Craig Dennis
January 8, 2024
13 minutes
Imagine being able to target exactly who you want with personalized advertisements. Knowing who you want to target is one problem, but uploading your audience segments to your ad platforms is another problem altogether, and this key challenge is the exact reason LiveRamp exists.
LiveRamp helps you build enriched audiences for marketing campaigns and automatically onboard your data to your ad platforms like Facebook and Google in the realm of AdTech.
To help you understand more how LiveRamp achieves this, this article will cover:
LiveRamp is a data onboarding platform that gathers a company’s online and offline customer data, maps the data to individual customer profiles, and uploads enriched audience segments to advertising platforms.

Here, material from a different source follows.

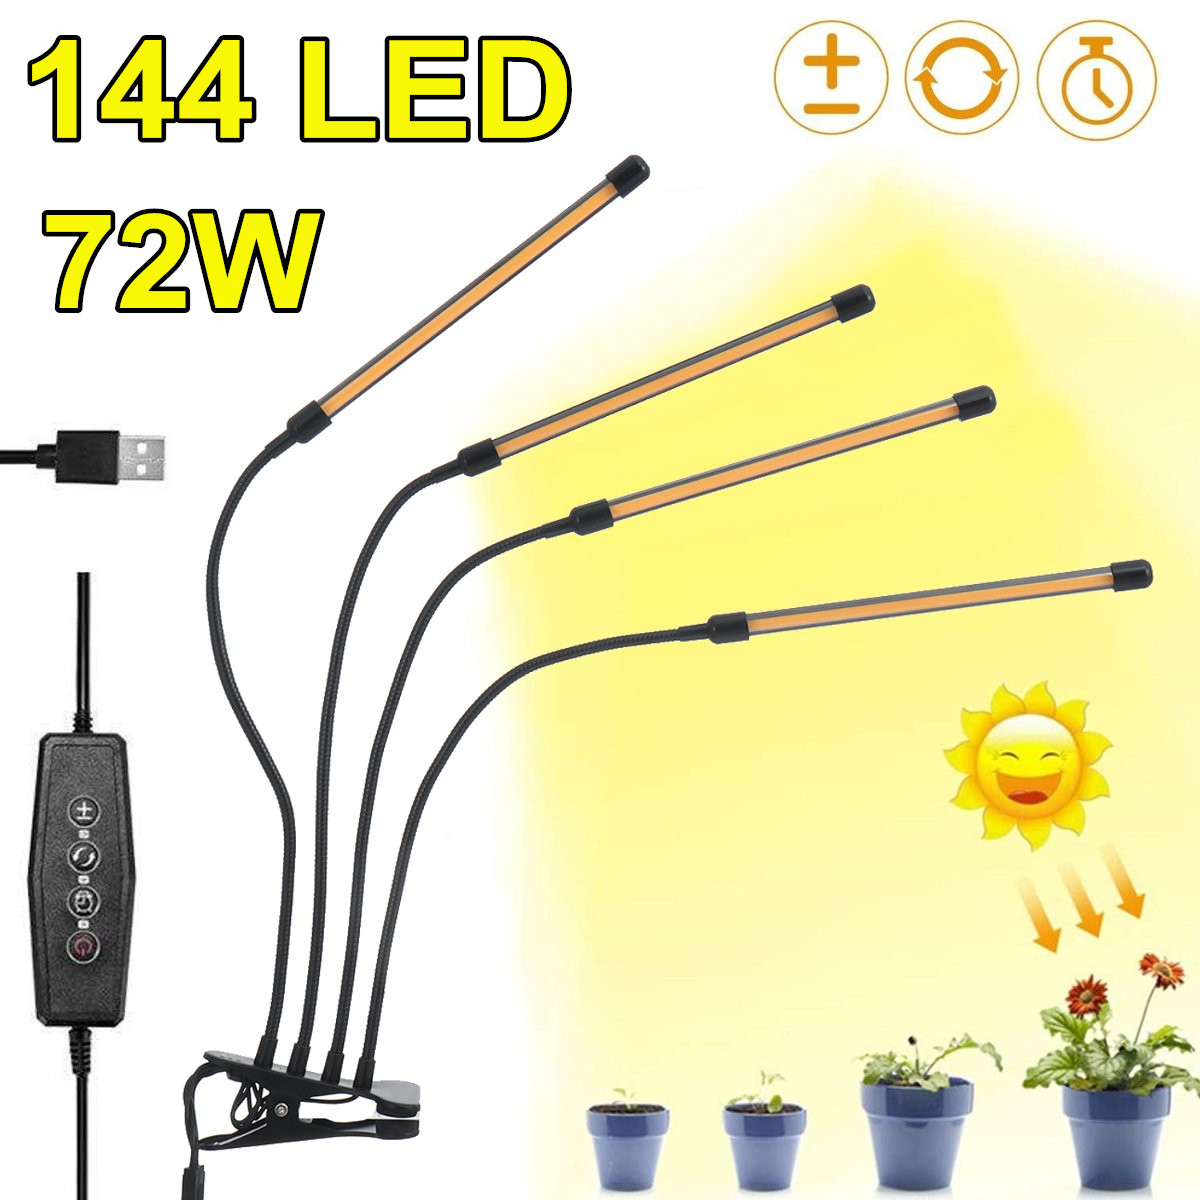 4-Head-144-LED-72W-Plant-Flower-Grow-Light-Lamp-Hydroponics-Full-Spectrum-USB-1727662-1

Customer data at most companies is usually fragmented. This becomes a problem as teams look to scale advertising programs because your ads are only as good as your target audience. Without a reliable way to create comprehensive audiences of ideal customers, you leave money on the table in your paid campaigns.
LiveRamp was founded in 2011 and created a solution to this problem that was better than the alternative of bad data and manual uploads. Since 2011, they have grown to be a billion-dollar company with a near monopoly on the data onboarding space. However, they have recently struggled to adapt their offerings to the new world of cloud data warehouses, and newer, more flexible, more affordable competitors have emerged.
Here’s how a former LiveRamp employee defines the company:
“LiveRamp is a classic middleware company. LiveRamp moves data between marketing applications.
Middleware companies are essentially just integration companies. They integrate a bunch of software vendors so they can move data across those software vendors. Middleware companies are very valuable because they tend to have extremely high utility to both their customers and partners (and often end up essentially owning a market).
The economics of a middleware company can look very similar to a B2B marketplace. Marketplaces have buyers and suppliers. It is hard to get the buyers without the suppliers … and vice versa. So they have a large cold start problem. But once they do get started, they have a super flywheel."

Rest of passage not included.